Even if Amazon wins the lawsuit, the message to all to all of their customers will be "we can turn you off at any time and for any reason". Expect to see a lot of migrations to other providers if that happens.


Right-wing nut here.

It should only be fraud if you make false claims on the contract. False claims outside any contract shouldn't be considered fraud.

And yes, there can be limitations on freedom (including freedom of speech), but the burden of proof falls on the side arguing for the limitations. And the reason for limiting formal freedom (e.g. freedom to lie on a contract) should always be to increase "freedom" in practice (all the practical and legal arrangements that contract law makes possible).

I don't think there's a good reason for insurrectionist speech to be (legally) banned, because I don't think there's a good reason for any political speech to be banned, as horrible as it may be (nazism, keynesian economics, etc), because all political speech is ultimately violent speech. And banning one strand of political speech is morally the same thing as banning any other.


> And banning one strand of political speech is morally the same thing as banning any other.

Is this really tenable? I agree that all politics is ultimately backed by force, but that doesn't make all politic speech one and the same.

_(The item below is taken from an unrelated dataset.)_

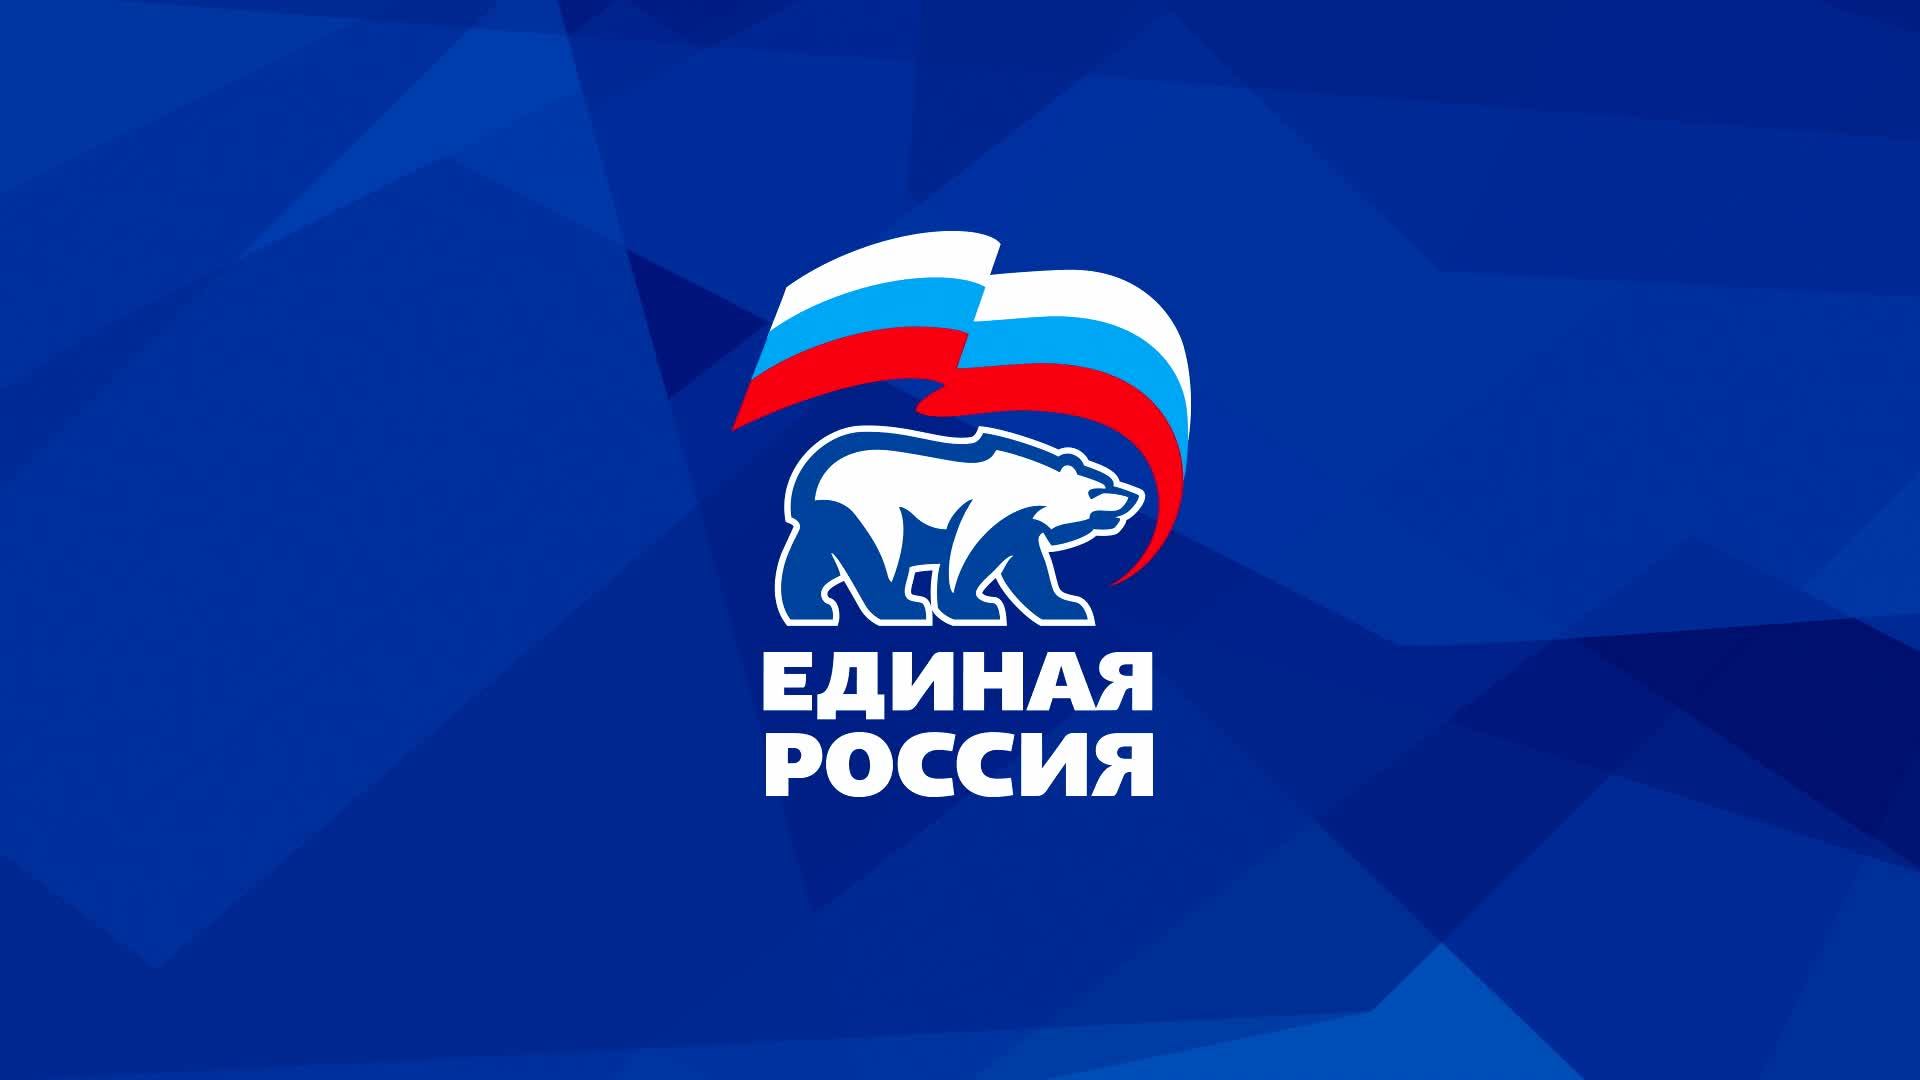 Предварительное голосование «Единой России» — это открытая и прозрачная процедура, не имеющая аналогов в России.

A night-watchman state is hardly comparable to the CCP, for example.


Ah, the evergreen "I don't believe any of this, but hopefully you do so you'll do what I want" argument.

The correct response is tit-for-tat: always refuse to abide by principles your enemies refuse to accept even if you privately think those principles are worthwhile.


I'm sorry, but I don't really understand what you mean.

The strategy of this style of engagement is to take something someone already believes and connect it to something they don't believe in. This way you meet them where they are and lead into a discussion.


Leftists have never explicitly stated that truth is an absolute defense against charges of hate speech. Raw data, like race and crime statistics, that contradict their narrative are often deemed hate speech by them too.


It's incitement. Trump was just impeached for that.